バスケットに空色雨傘差しかけて
ユウキは薄暗い光に目を覚ました。まだ夜か。目を再び閉じるが寝付けず体を起こした。
瞼も頭も重いし、怠い。ふかふかのベッドから降り、ユウキは洗面台の鏡に顔を寄せた。
ああ、最悪。顔を顰める自分と目が合う。酷く不細工な顔。目は不自然にやや腫れている。
キュッキュッと蛇口を捻り、水を出した。ゴッゴッゴゴ。排水口へと流れる水。
それをぼんやり眺めながらすっかり白くなってしまった掌で水を掬い上げる。冷たい。息を吐いてそのままユウキは顔へとバシャバシャかけた。
ほんの少しだけ気持ちが落ち着いた。少なくとも虚しさと寂しさはまだ心の中で燻っている。簡単に手放せない感情だった。
「早く手放さなきゃいけないのに…」
クレア、クリス、クリスの職場の優しかった人たち、大学の友人たち、シェリー、そしてレオンの顔を思い出し再び目頭が熱くなる。
それを誤魔化すように何度も水を掬い上げて顔へと押し付けた。思い出してはいけない。
集中しなければいけない。訓練に。強くなるためにも感傷に浸ってはいけないのだ。
キュッと蛇口を捻って水を止め、備え付けのタオルで手と顔を拭いた。
鏡の中の自分が自分を見つめる。思わず笑ってしまった。酷い顔。
「スッキリした」
自分の感情なんて知らないばかりに素っ気なくユウキはそう言った。
しかし夜にしては少し明るい気がする。ユウキは大きな窓に近づきカーテンを一気に開け放った。窓を叩く雫。
ああ…雨が降っていたからいつもより暗かったのだ。
コンコン、とドアを叩く音に振り返る。
「はい」
ドアが控えめに開き、サングラスを掛けた厳ついスーツの男が入ってきた。
「ユウキ様、お客様がいらしています」
「お客、様…?私に、ですか」
チラッと時計へ視線を遣ったが出立まで時間は十分ある。
「ええ、客間へと既に案内したとのこと」
「アダム…義父さんはそのことをご存知ですか?」
…ああ、まだ言い慣れない。
「ええ」
「誰、ですか」
「恐れながら私の口からは言えません」
苦く笑いながら男は「どういたしますか」と聞いてきた。
会うしかないだろう。ユウキは頷いた。
「着替えたら行きますので」
「はい、それでは失礼」
ガチャン。ユウキはアンティーク調のドアノブに指を滑らせた。
後ろを振り返り、自分の部屋の広さを改めて実感する。家具の何から何までどれも一級品。

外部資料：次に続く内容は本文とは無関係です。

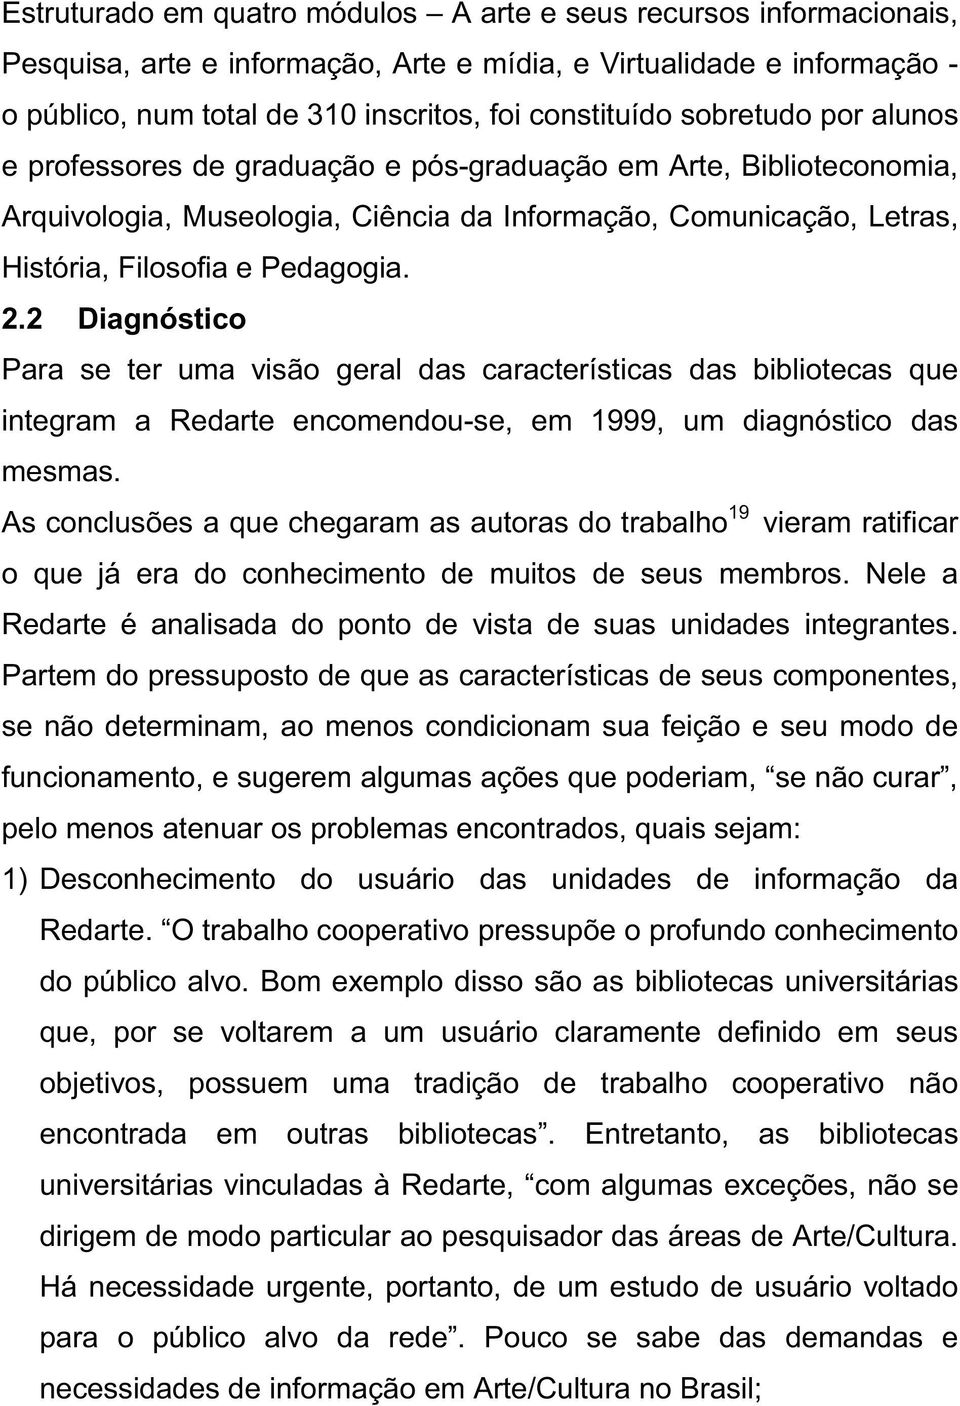 2 Diagnóstico Para se ter uma visão geral das características das bibliotecas que integram a Redarte encomendou-se, em 1999, um diagnóstico das mesmas.

まるでお嬢様にでもなったかのようだ。いや、実際似たような立場にはなったが…。
「柄じゃないってば…私」
アダムがユウキを自由にする為にとった措置。
それはお察しの通り、アダムがユウキを養子として迎え入れられることだった。
アダムの養子となれば娘という理由で自由になれる。単純で何とも大胆な措置だ。
しかしだからといって訓練がなくなったわけではない。勿論、毎日欠かさず行っている。
サボるなんて甘い考えは持てないのだ。実はほんの少し最初の頃に一般職に就ける夢を見たのだが現実はやはり上手くいかないよう。
ユウキはスーツ一式を衣装タンス(家庭用一般サイズではない)から取り出し、ベッドへと放り投げた。
「あ、やっば。早くしなきゃ」
来客だ。お待たせさせるわけにもいかない。